> Provided material:
------------------------

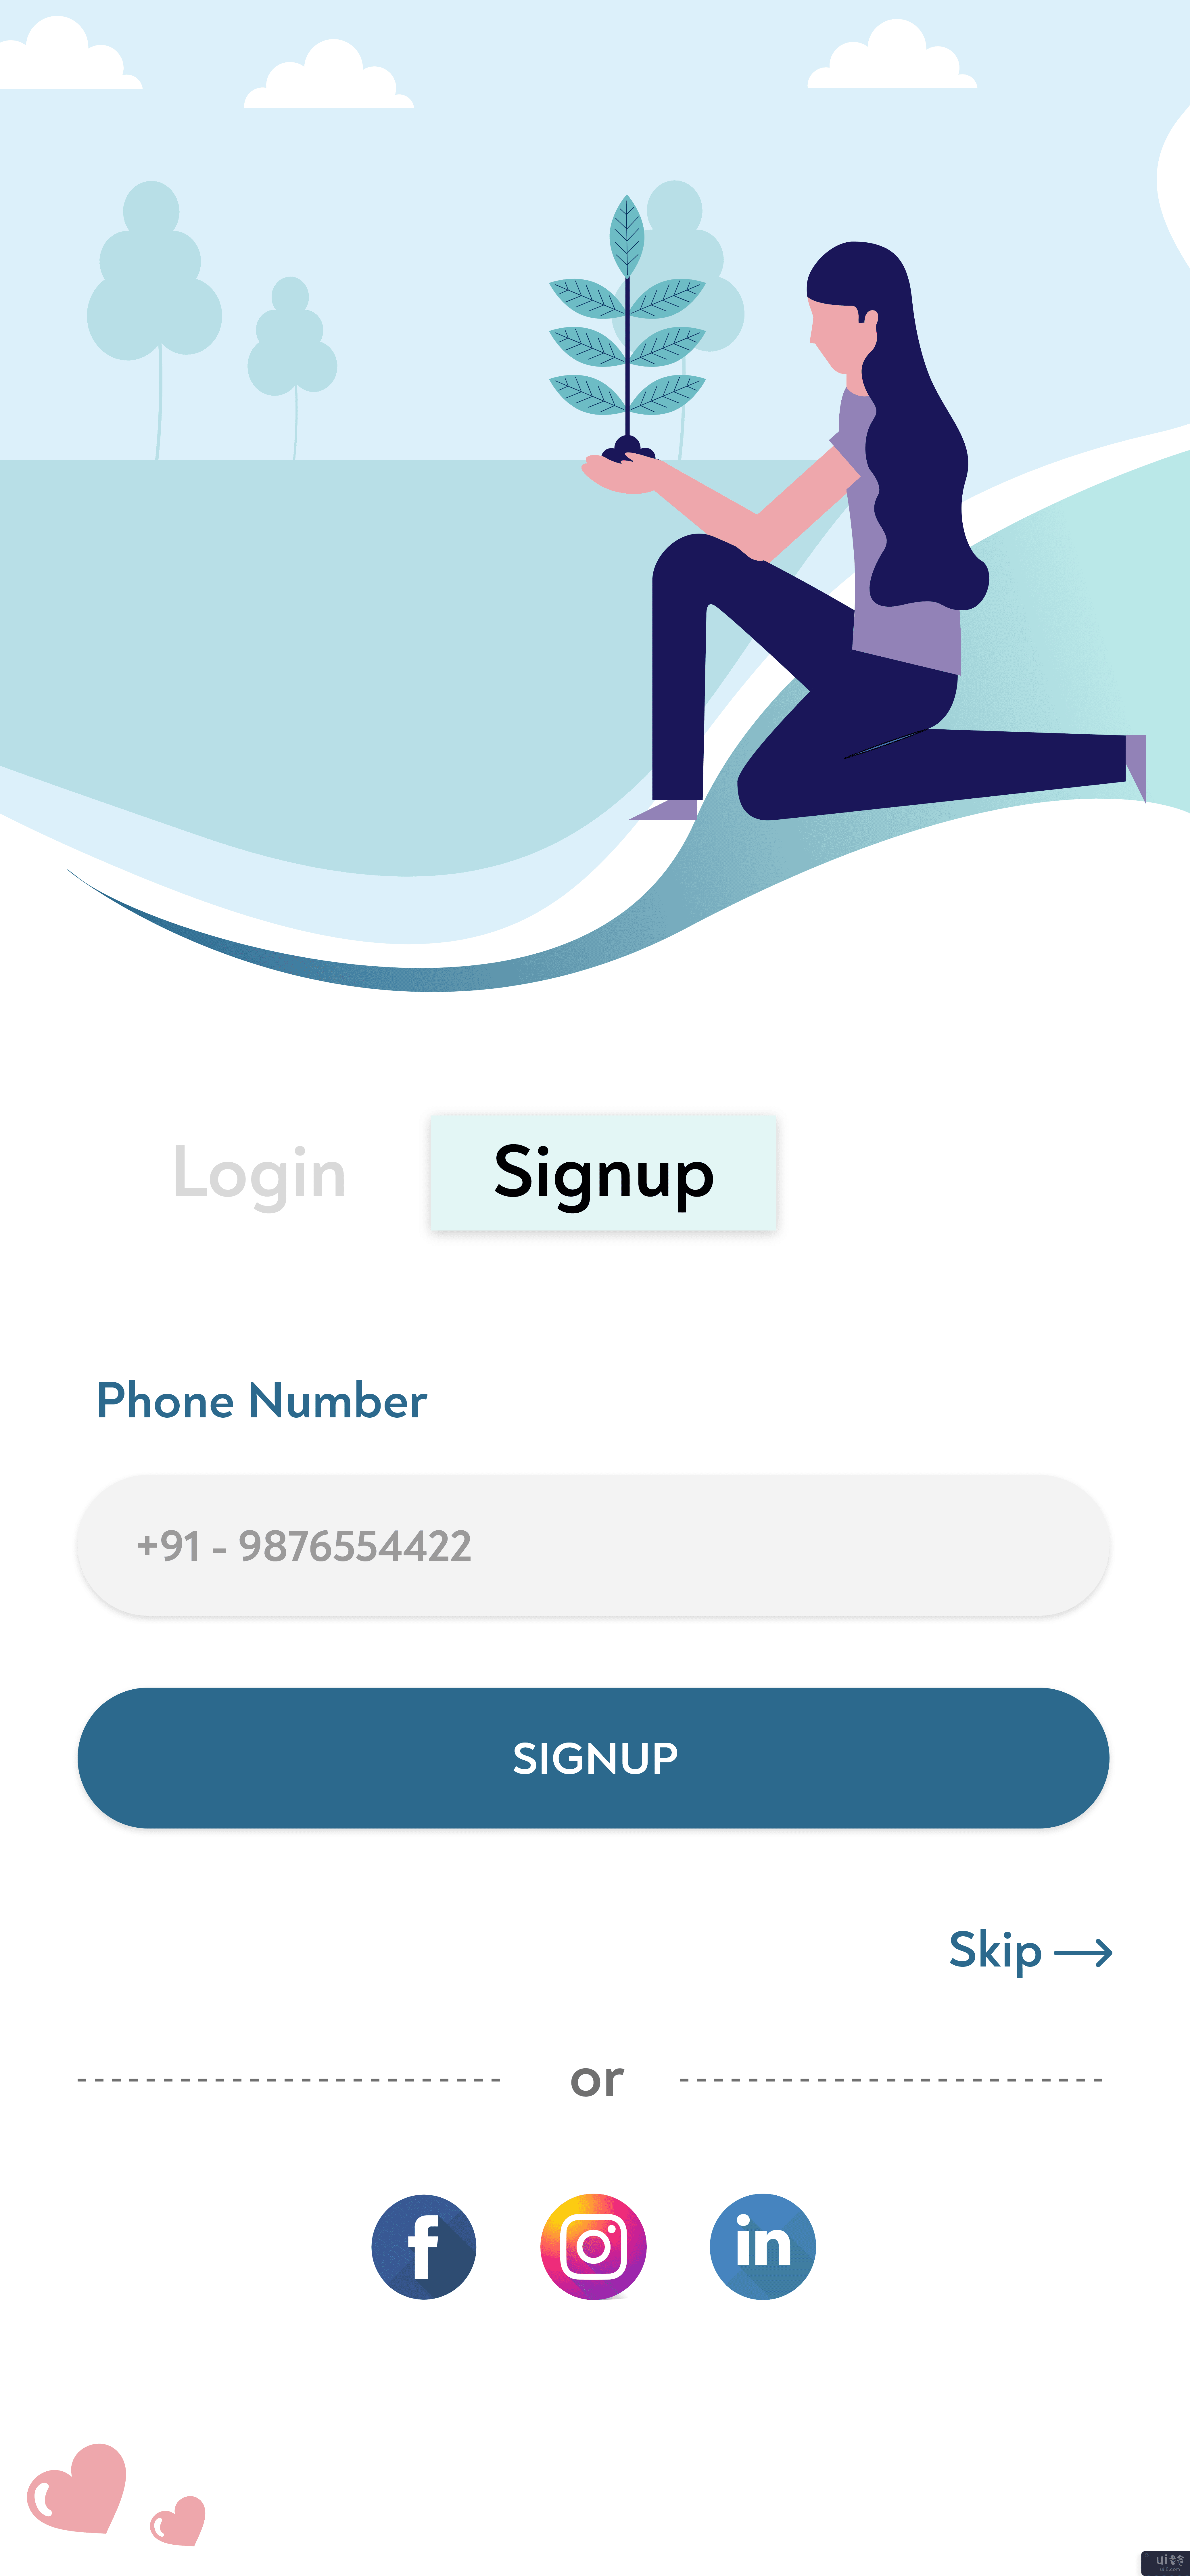 登录 - 注册工具包(Login - Signup Kit)插图
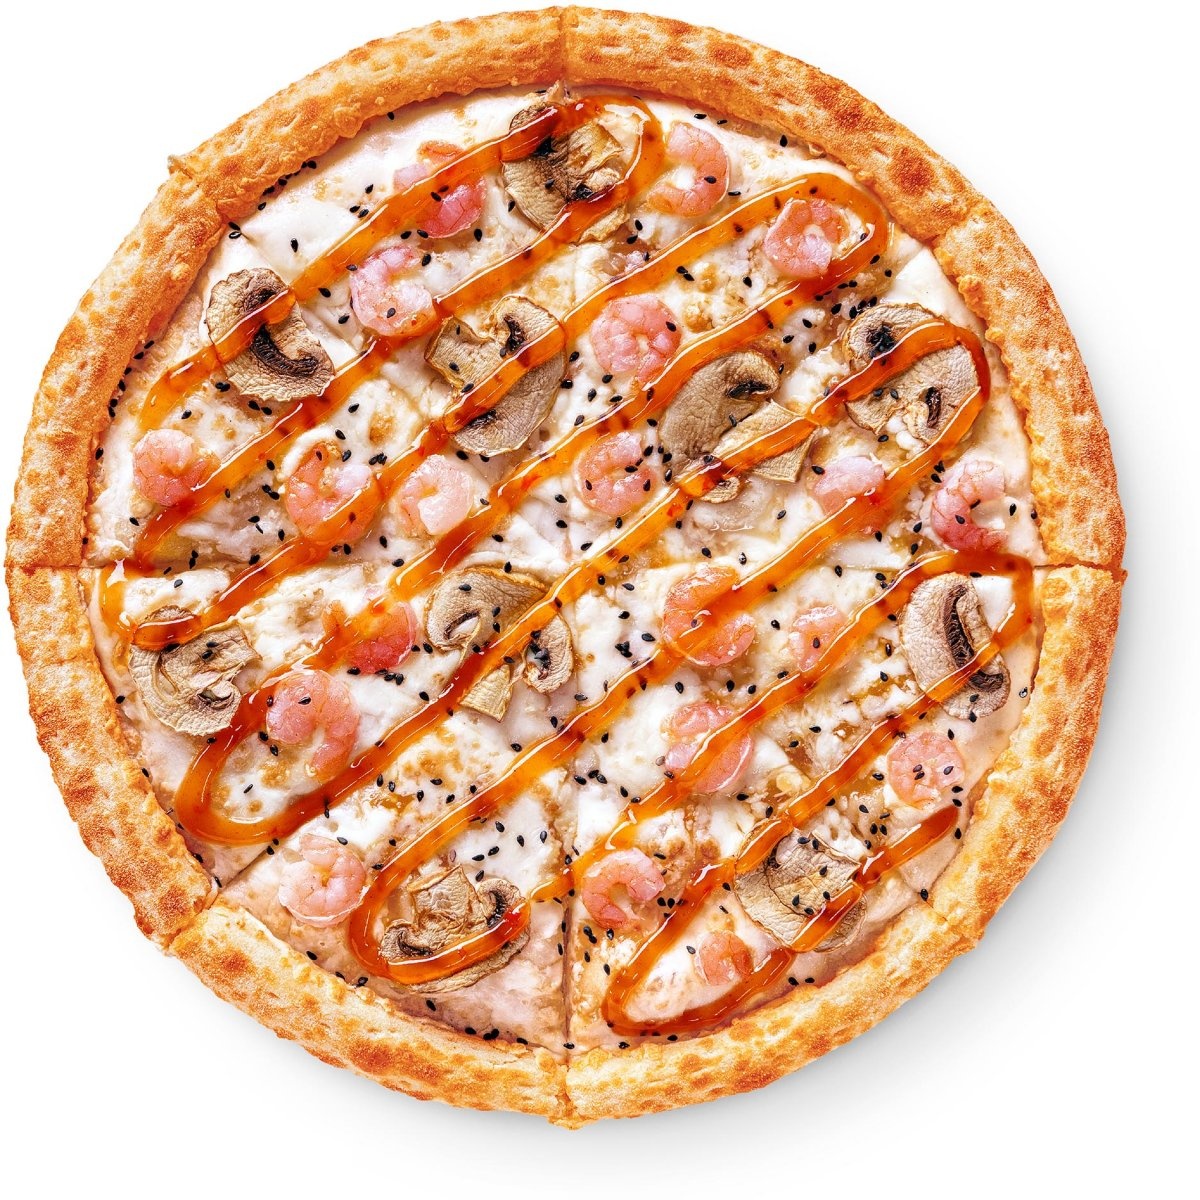 состав пиццы пепперони в додо фото 96
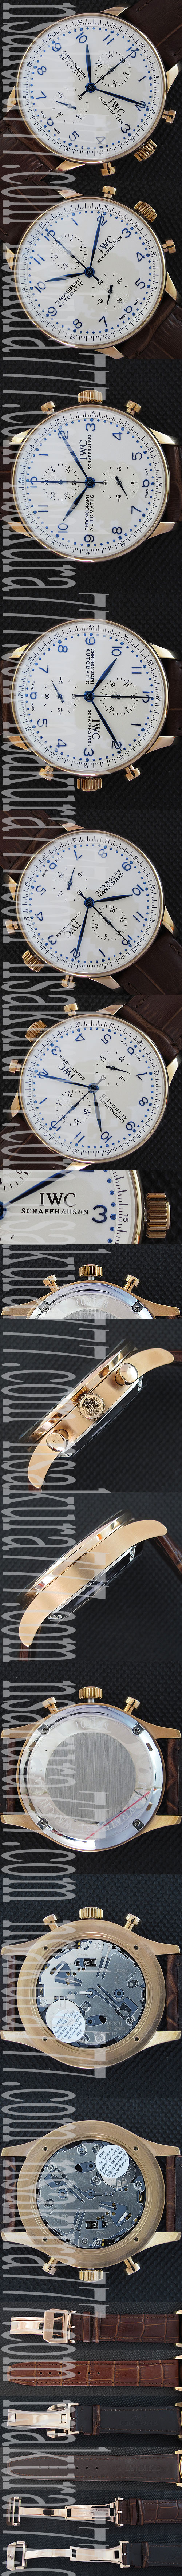 紳士腕時計IWCポルトギーゼクロノグラフ IW3714 クォーツムーブメント
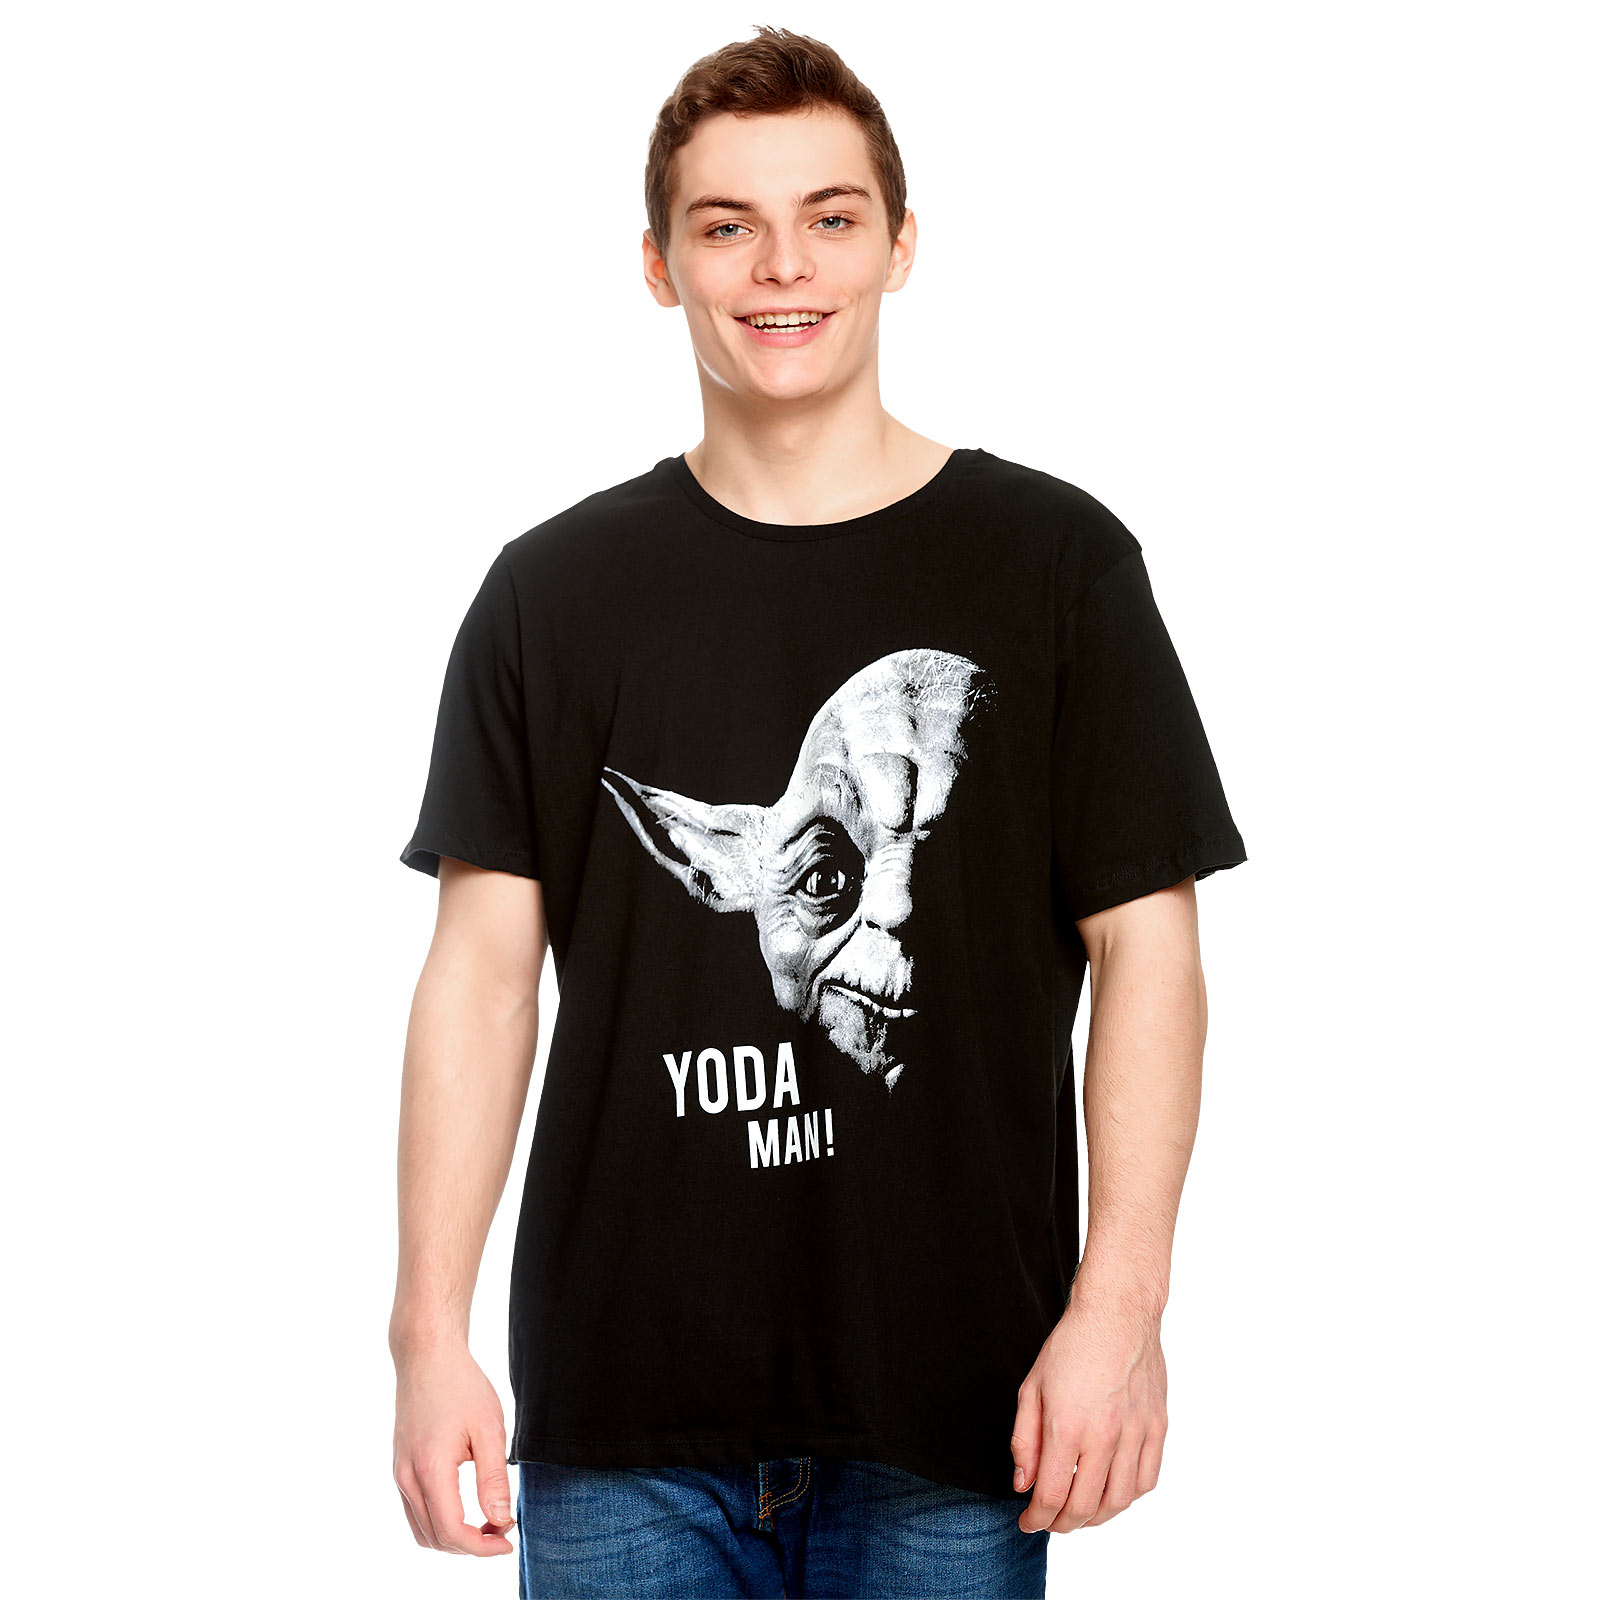 Star Wars - Yoda Man! T-Shirt schwarz

------------------------

> Activity:
Everything in the data above, apart from the pictures, should be retyped exactly.

> Solution to this task:
 登录 - 注册工具包(Login - Signup Kit)插图
 состав пиццы пепперони в додо фото 96
 紳士腕時計IWCポルトギーゼクロノグラフ IW3714 クォーツムーブメント
 Star Wars - Yoda Man! T-Shirt schwarz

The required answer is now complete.